JurisdictionEngland & Wales
CourtHouse of Lords
JudgeLord Reid,Lord Hodson,Lord Guest,Viscount Dilhorne,Lord Wilberforce
Judgment Date06 May 1970
Judgment citation (vLex)[1970] UKHL J0506-2
Date06 May 1970

[1970] UKHL J0506-2

House of Lords

Lord Reid

Lord Hodson

Lord Guest

Viscount Dilhorne

Lord Wilberforce

McPhail and Others
Doulton and Others

Upon Report from the Appellate Committee, to whom was referred the Cause McPhail and others against Doulton and others, that the Committee had heard Counsel, as well on Tuesday the 13th, as on Wednesday the 14th, Thursday the 15th, Monday the 19th, Tuesday the 20th and Wednesday the 21st, days of January last, upon the Petition and Appeal of Robert Thomas Mitchell McPhail, of Flag Lodge, The Avenue, Tadworth, in the County of Surrey, Enid May Baden (Widow) and Raymond Rostron Baden, both of 8 Astons Road, Moor Park, in the County of Hertford, praying. That the matter of the Order set forth in the Schedule thereto, namely, an Order of Her Majesty's Court of Appeal of the 5th of February 1969, so far as regards the words "This Court doth Order that so much of the said Order dated 12th July 1967 as declared in answer to Question 2 of the Originating Summons in this Action that upon the true construction of the above-mentioned Deed dated 17th July 1941 the provisions of Clause 9( a) thereof constituted a power and not a trust be affirmed," might be reviewed before Her Majesty the Queen, in Her Court of Parliament, and that the said Order, so far as aforesaid, might be reversed, varied or altered, or that the Petitioners might have such other relief in the premises as to Her Majesty the Queen, in Her Court of Parliament, might seem meet; as also upon the Case of Peter Duke Doulton, Alexander Laing Pearson, Arthur Henry James Hoskins, Denis Edward Clancey, Arthur Frederick Smith, Matthew Hall & Co. Limited and Joseph Francis Norris, lodged in answer to the said Appeal; and due consideration had this day of what was offered on either side in this Cause:

It is Ordered and Adjudged, by the Lords Spiritual and Temporal in the Court of Parliament of Her Majesty the Queen assembled. That the said Order of Her Majesty's Court of Appeal, of the 5th day of February 1969, in part complained of in the said Appeal, be, and the same is hereby, Discharged except as to Costs: And it is hereby Declared, That the provisions of Clause 9( a) of the Trust Deed, of the 17th day of July 1941, constitute a Trust: And it is further Ordered, That the Cause be, and the same is hereby remitted back to the Chancery Division of the High Court of Justice with a Direction to determine whether, on the basis of the Declaration made, Clause 9 of the Trust Deed is (subject to the effects of section 164 of the Law of Property Act 1925) valid or void for uncertainty: And it is also further Ordered, That the Costs incurred by the Appellants and by the Respondents in respect of the said Appeal to this House be taxed on a Common Fund basis and paid out of so much of the Trust Fund, subject to the Trust Deed of the 17th of July 1941, as was derived from Bertram Baden deceased, the amount thereof to be certified by the Clerk of the Parliaments.

Lord Reid

My Lords,


For the reasons given by my noble and learned friend. Lord Wilberforce, I would allow this appeal and make the Order which he suggests.

Lord Hodson

My Lords,


The question under appeal is whether on its true construction the provisions of Clause 9( a) of a Deed dated 17th July, 1941, by which one Bertram Baden established a fund to provide benefits for the staff of Matthew Hall & Co. Ltd., and their relatives and dependants, constitutes a trust binding the Trustees to distribute income in accordance with its provisions or is a mere power not imposing any such duty. Clause 9 provided:

"( a) The trustees shall apply the net income of the fund in making at their absolute discretion grants … in such amounts at such times and on such conditions (if any) as they think fit.

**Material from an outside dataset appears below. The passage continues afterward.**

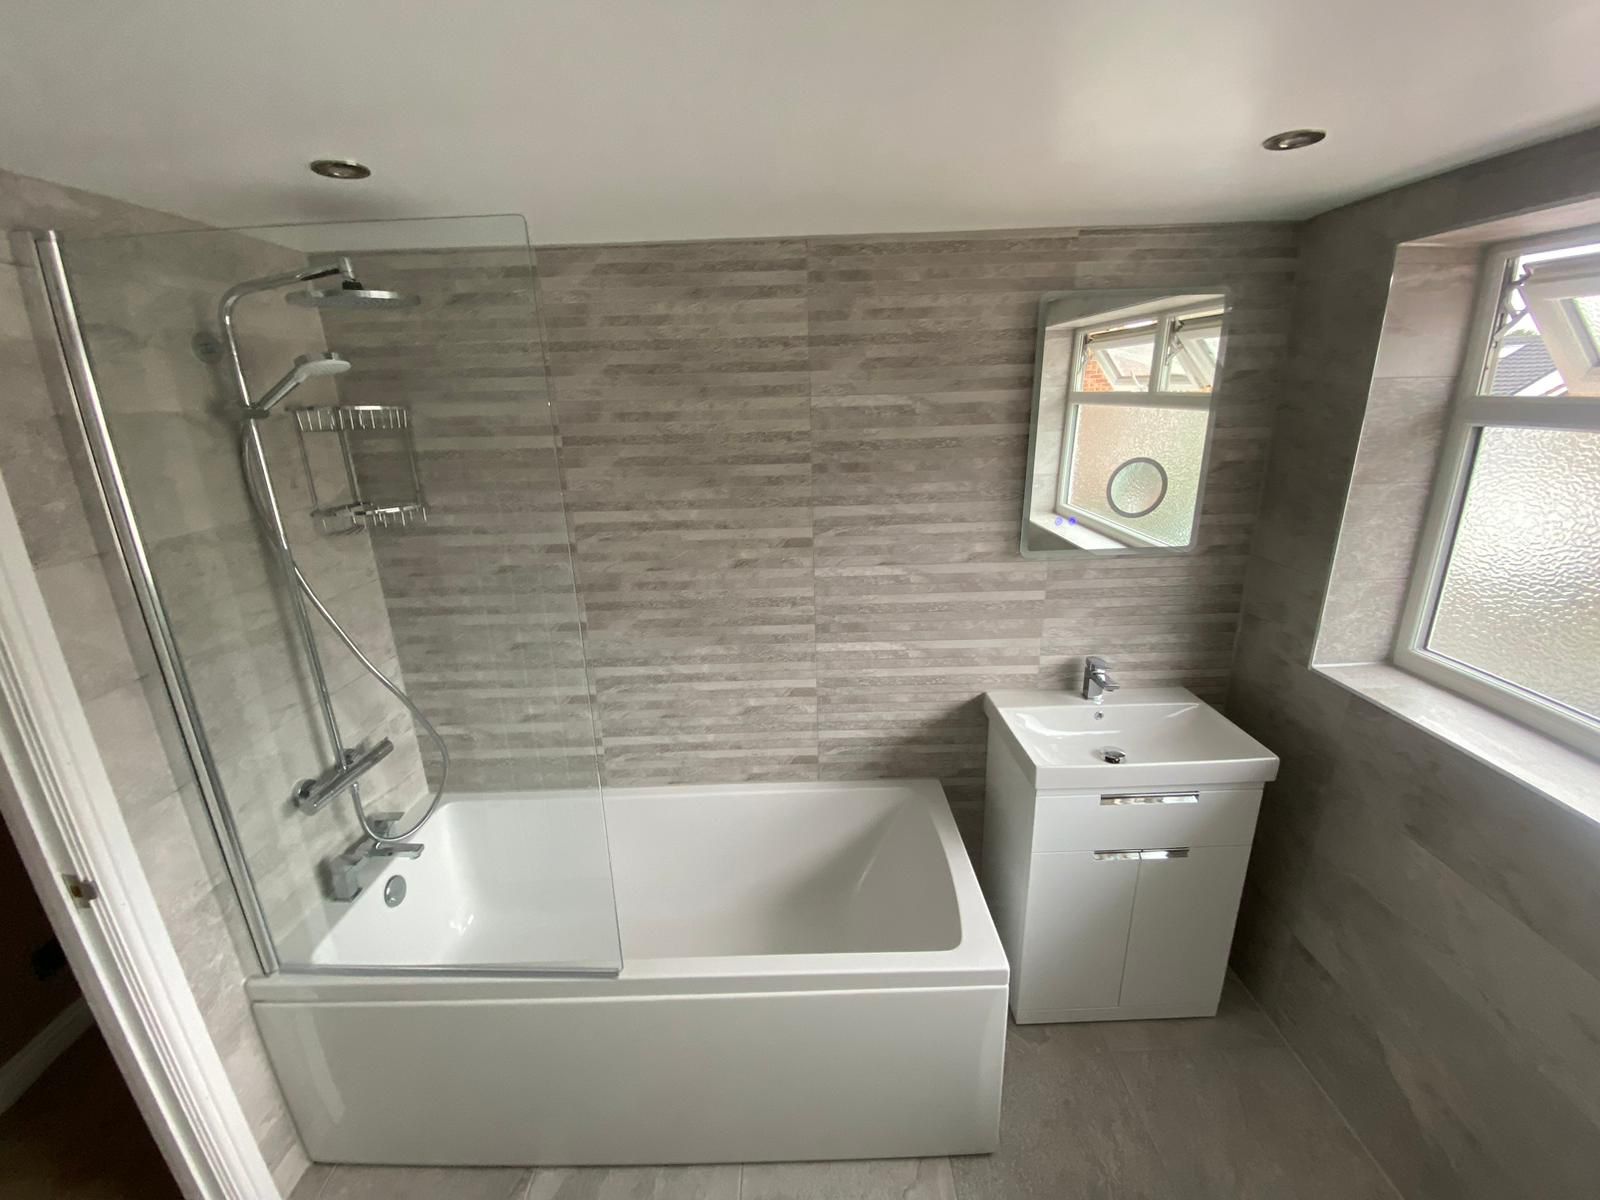 (c) Bathrooms-birmingham.co.uk

( b) The trustees shall not be bound to exhaust the income of any year or other period in making such grants … and any income not so applied shall be … [placed in a bank or invested].

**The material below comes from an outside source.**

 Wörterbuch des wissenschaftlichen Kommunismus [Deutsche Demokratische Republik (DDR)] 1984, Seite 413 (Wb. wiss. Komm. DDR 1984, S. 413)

( c) The trustees may realise any investments representing accumulations of income and apply the proceeds as though the same were income of the fund and may also … at any time prior to the liquidation of the fund realise any other part of the capital of the fund … in order to provide benefits for which the current income of the fund is insufficient."


Clause 10 provided that all benefits being at the discretion of the trustees, no person had any interest in the fund otherwise than pursuant to the exercise of that discretion.


Of the preceding clauses, Clause 6( a) provided that all moneys in the hands of the trustees and not required for the immediate service of the fund may be placed in a deposit or current account with any bank or banking house in the name of the trustees or may be invested as hereinafter provided; Clause 7 dealt with the trustees' power of investment.


The settlor died in April, 1960, and his executors, the present Appellants, claim that, the deed being wholly void, payment of the fund is due to the settlor's estate. This claim is resisted by those whose interest it is to establish that, whether there is a trust or a mere power under which they may benefit, in neither case is the provision which they seek to support void for uncertainty.


The importance to the parties of the particular question under appeal lies in the circumstance that as the law stands on the authorities it appears at least probable that the prospect of success for the Appellants upon the question whether the deed is void for uncertainty are considerably greater if the effect of Clause 9 is to constitute a trust that if, on the other hand, it only has the effect of giving to the Trustees a mere power not amounting to a trust.


At first instance Goff J. held that nothing more than a power imposing no duty was contained in the provision contained in Clause 9. On appeal the majority of the Court of Appeal sustained his judgment without being able to find any certainty in their conclusion, in view of the even balance, as it seemed to them, of the arguments presented. The majority felt able to sustain the judgment by relying on the doctrine ut res magis valeat quam pereat in order that the terms of the deed might have a chance of being effective since, without flying in the teeth of its provisions, the view of the trial judge might prevail thus giving a better opportunity to those upon whom the testator wished to confer benefit.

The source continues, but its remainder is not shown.